Misogyny and discrimination surrounding pregnancy and childbirth have and continues to impact women today. Some discrimination places include the workplace, where employers passed over opportunities due to pregnancy or even the possibility that a woman may decide to become pregnant in the future.
Pregnant women of colour have reported being discriminated against in Western countries. For example, the Guardian reported that black women in the U.K. were four times more likely to die in pregnancy or childbirth. And in the U.S, African American mothers were also four times more likely to die from pregnancy and childbirth, with their babies twice as likely to die within their first year.
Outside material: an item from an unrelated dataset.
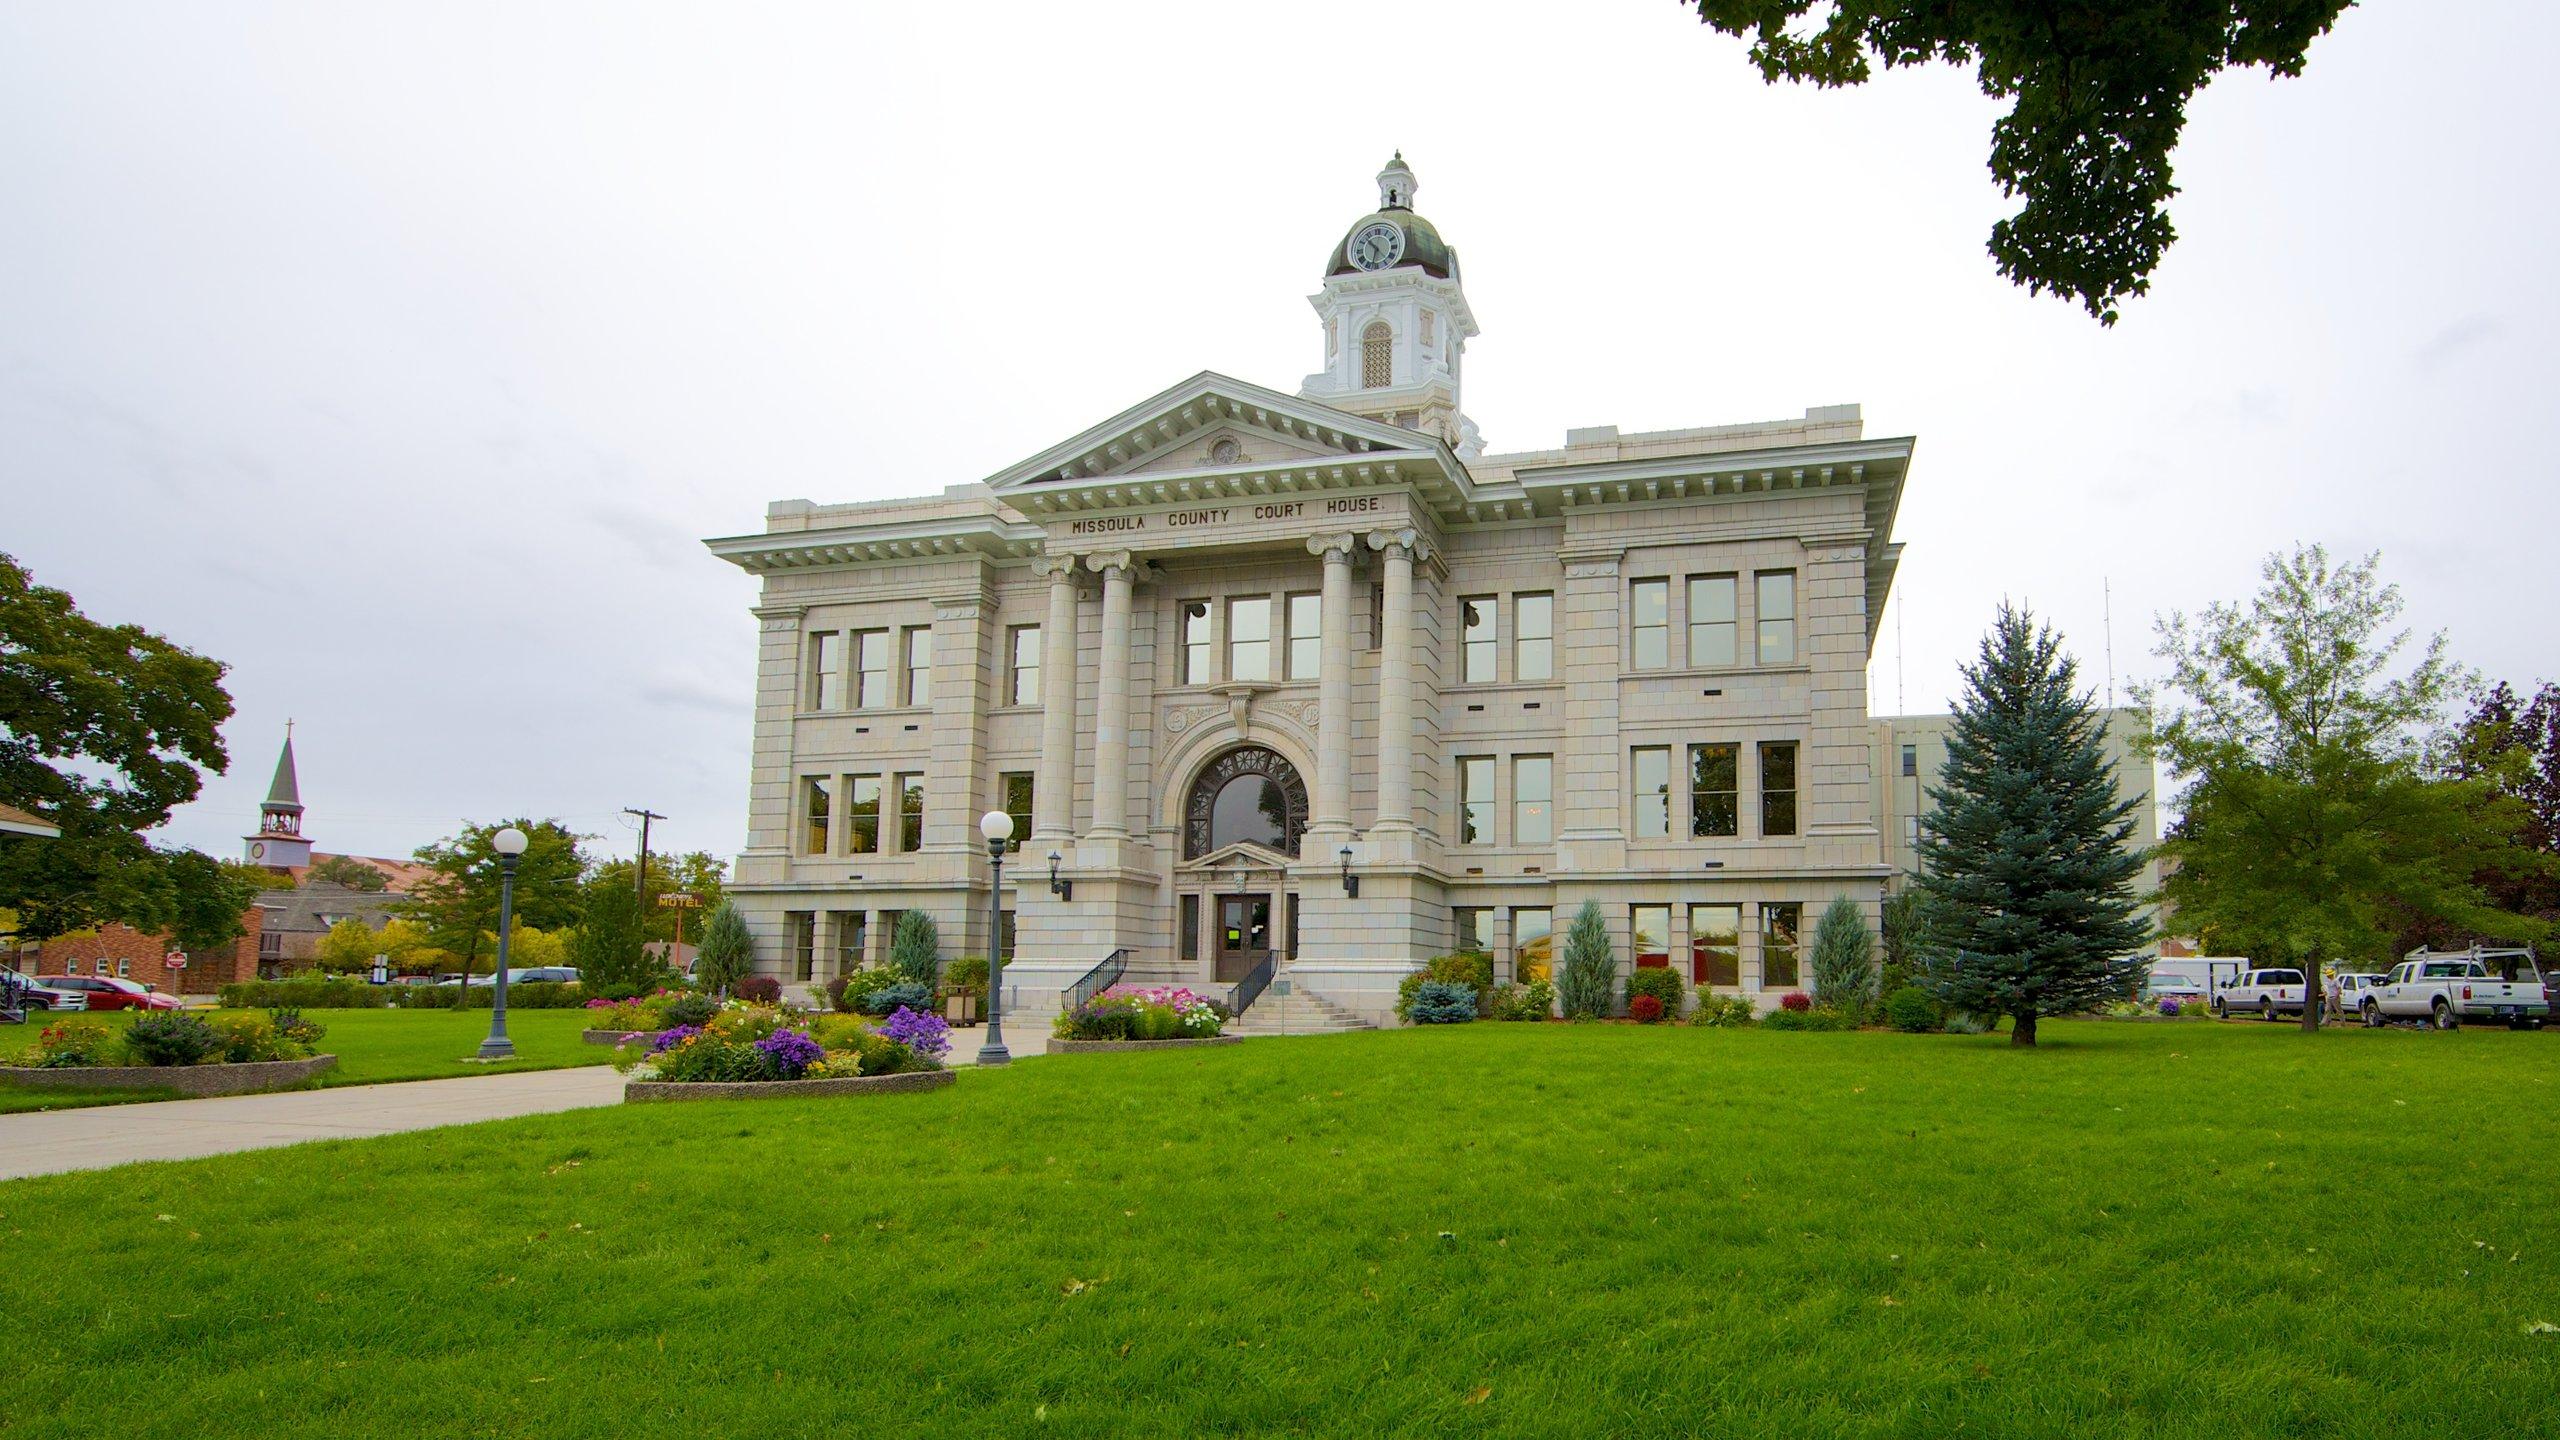 Missoula, Montana, United States of America

However, Laura states that while these issues are equally important and should be discussed, trans and non-binary people should be included in these discussions: “It’s not the case of fighting only one side. We can talk about issues that women specifically have with pregnancy, and we can talk about the issues transgender and non-binary people have. I think both of those things are equally as valid, and they are both conversations that we need to be having.”
She further adds that, in her opinion, ‘people’ is not erasing women’s experience; instead, it is all included in the term.
Charlie believes inclusive language is not harming anyone and can help vulnerable people from further mental scarring. He further states that rather than viewing this language as an attack on women’s rights, women can choose to refer to themselves as pregnant women if they wish without invalidating someone else’s identity.
“Talk to us. Listen to us when we explain what makes us uncomfortable or why these changes are happening. Things seem scary and unfair when people like J.K. Rowling and Piers Morgan rile you up with their misinformed ideas. It’s important to listen to both sides.”